(Available data)

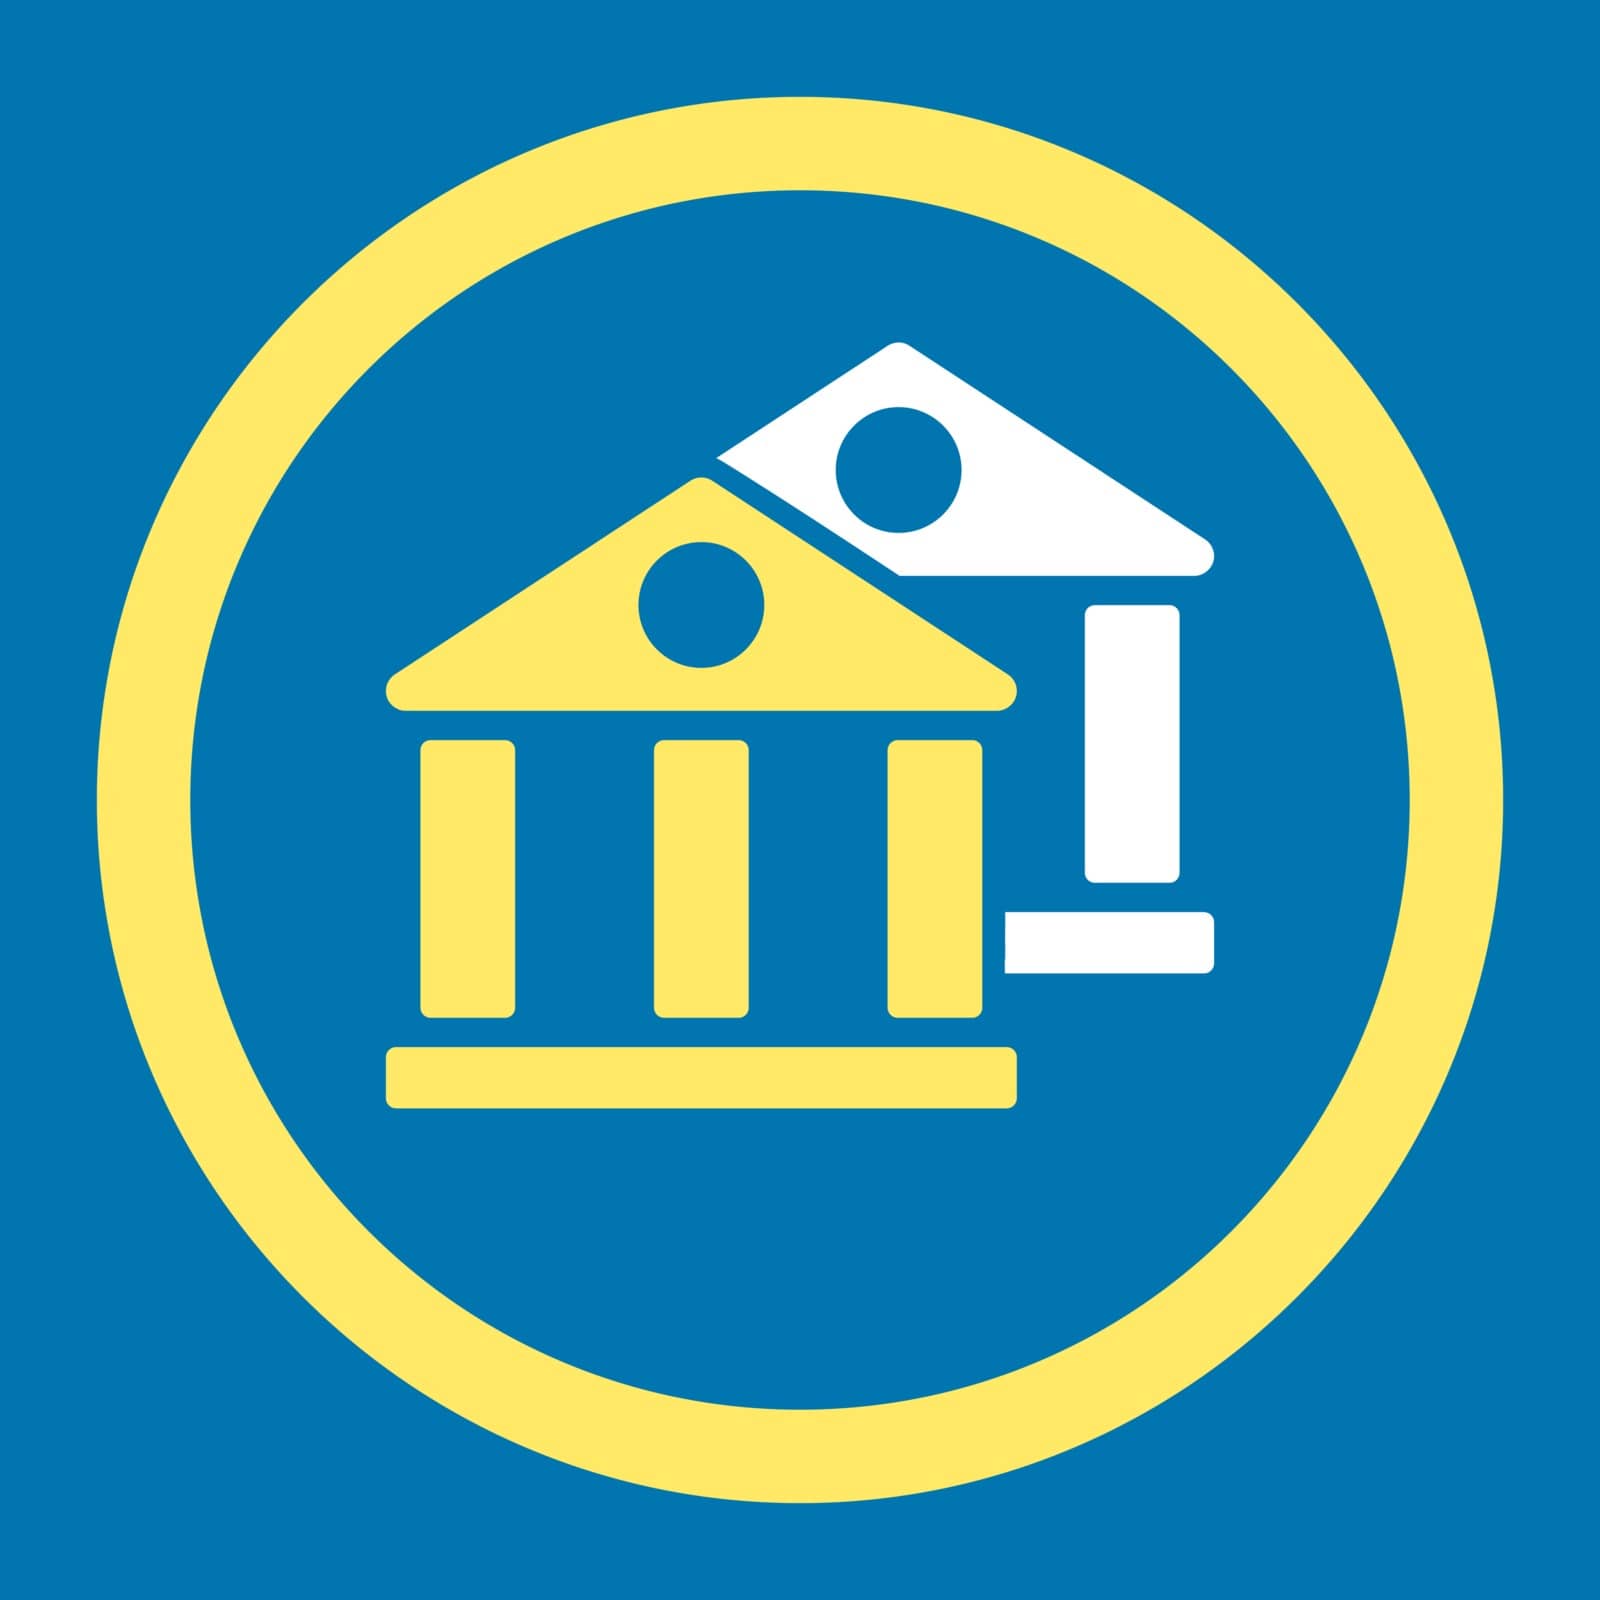 Banks vector icon. This flat rounded symbol uses yellow and white colors and isolated on a blue background.
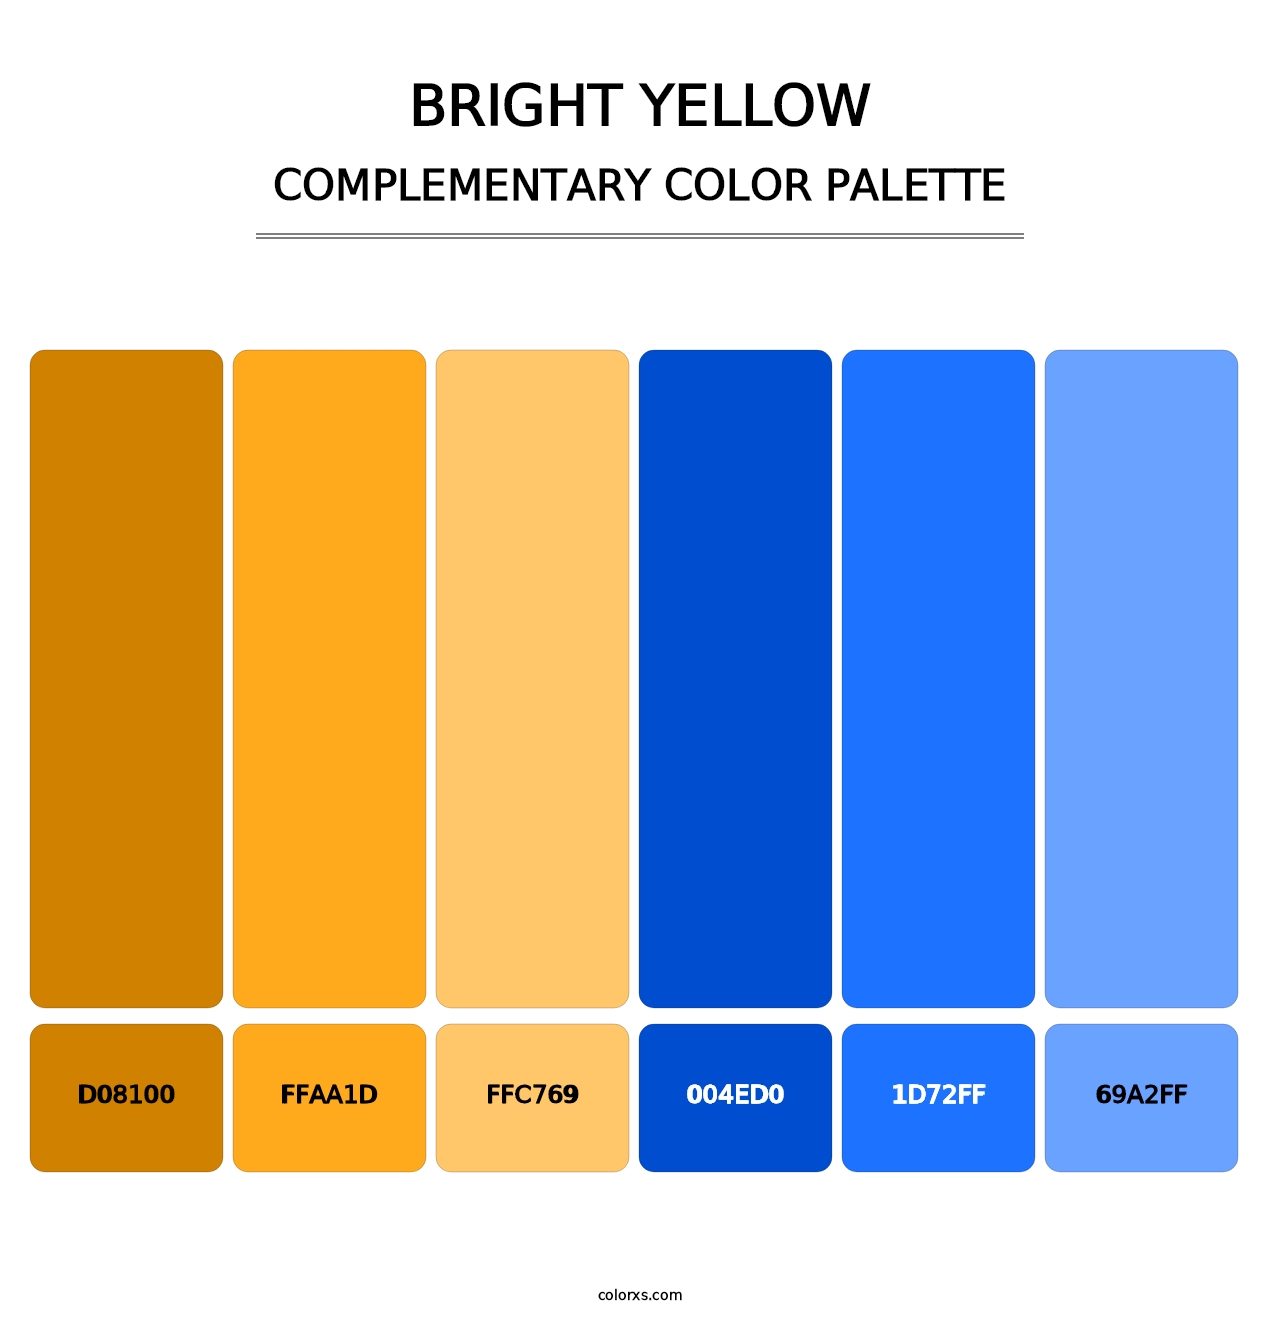 Bright Yellow - Complementary Color Palette
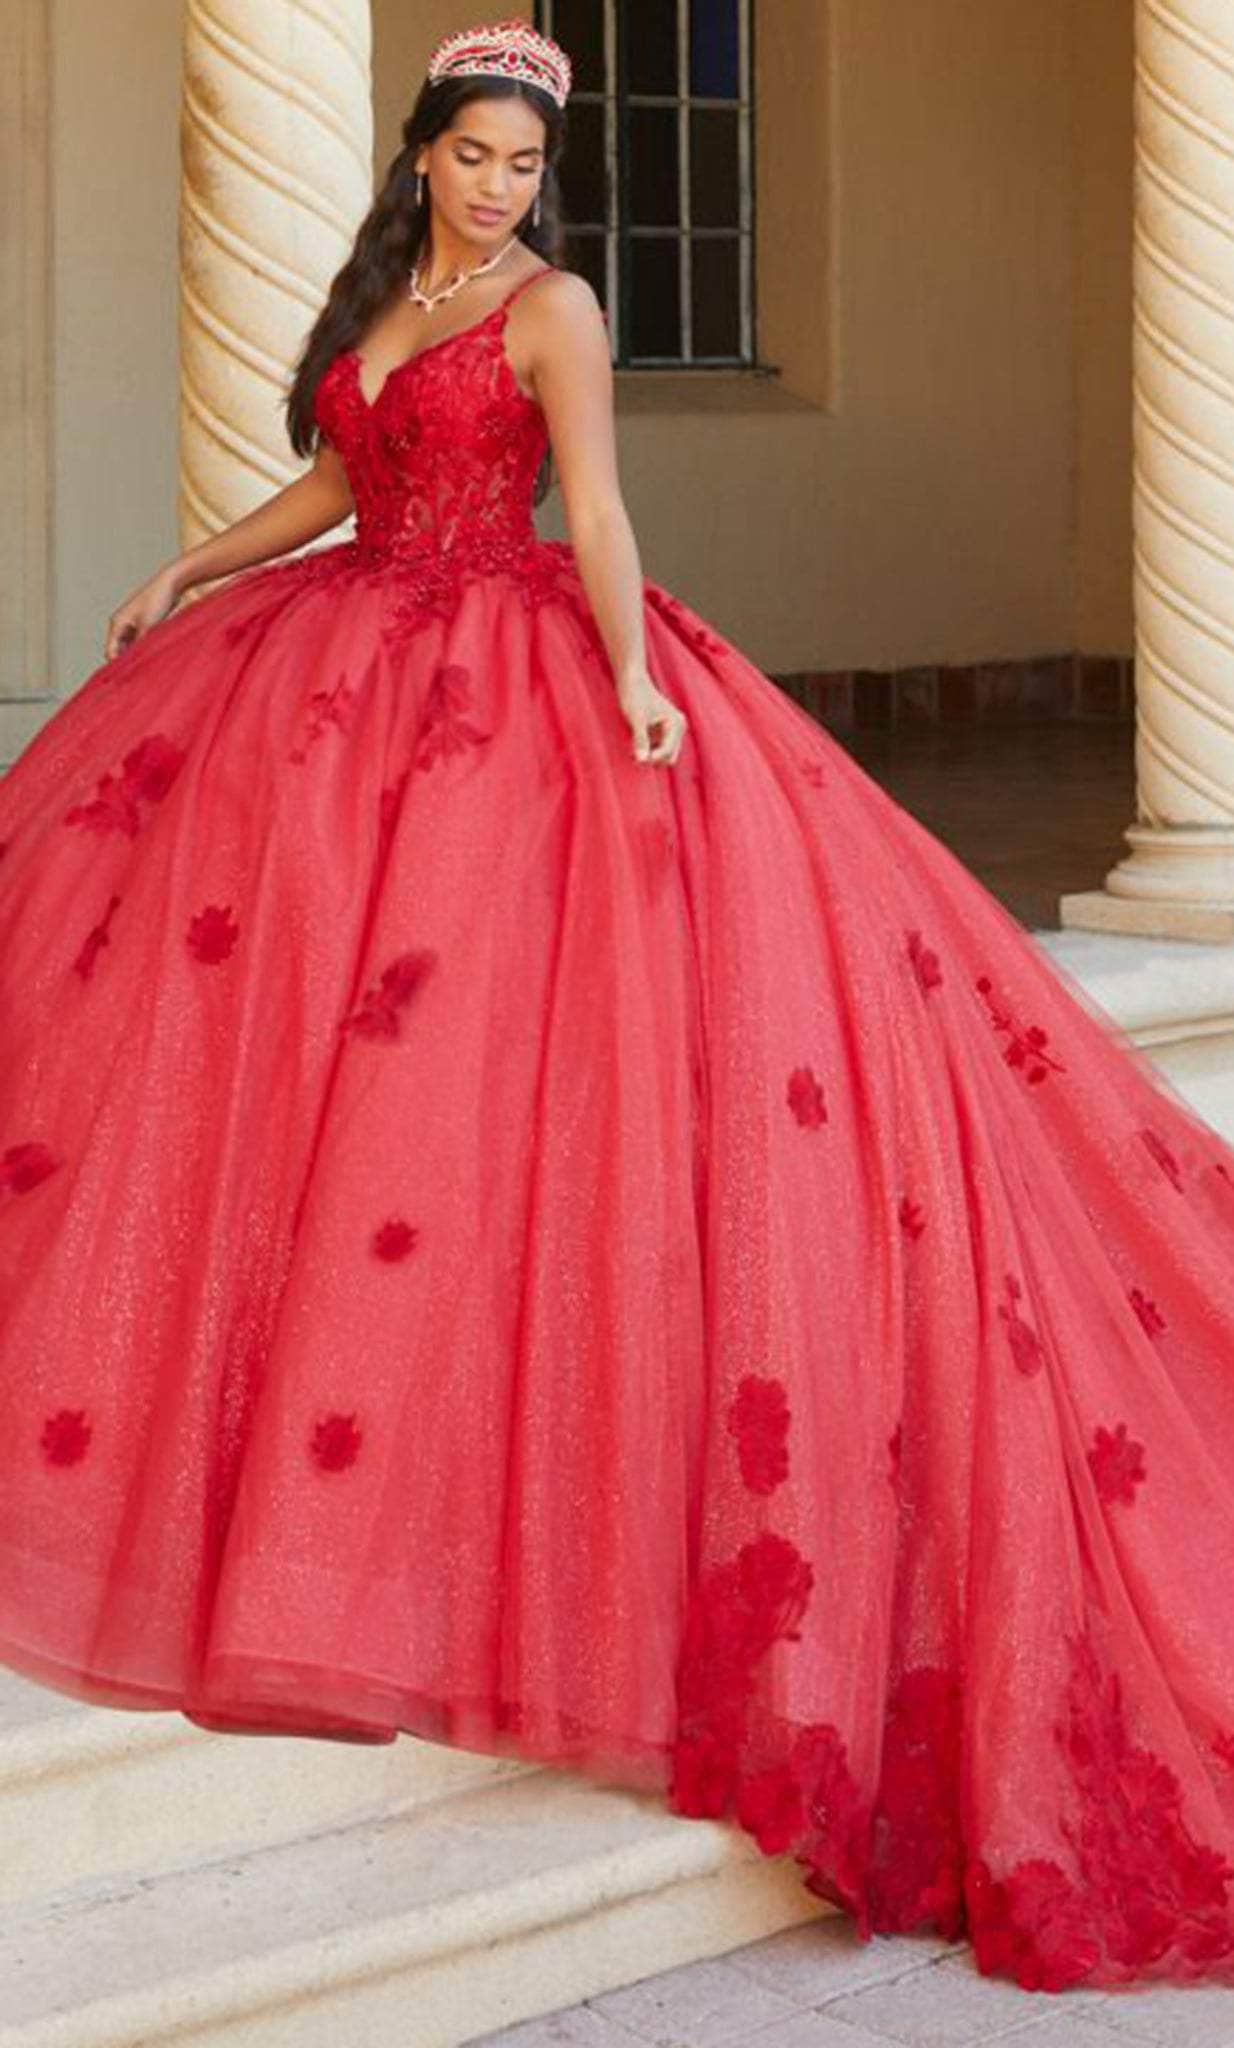 Quinceanera Collection 26064 - Lace Appliqué Sleeveless Ballgown Quinceanera Dresses 0 / Red

(End Available data)

### Try it
Write out the listing above exactly as it stands, pictures excluded.

### Solution to this exercise
 Banks vector icon. This flat rounded symbol uses yellow and white colors and isolated on a blue background.
 Bright Yellow - Complementary Color Palette
 Quinceanera Collection 26064 - Lace Appliqué Sleeveless Ballgown Quinceanera Dresses 0 / Red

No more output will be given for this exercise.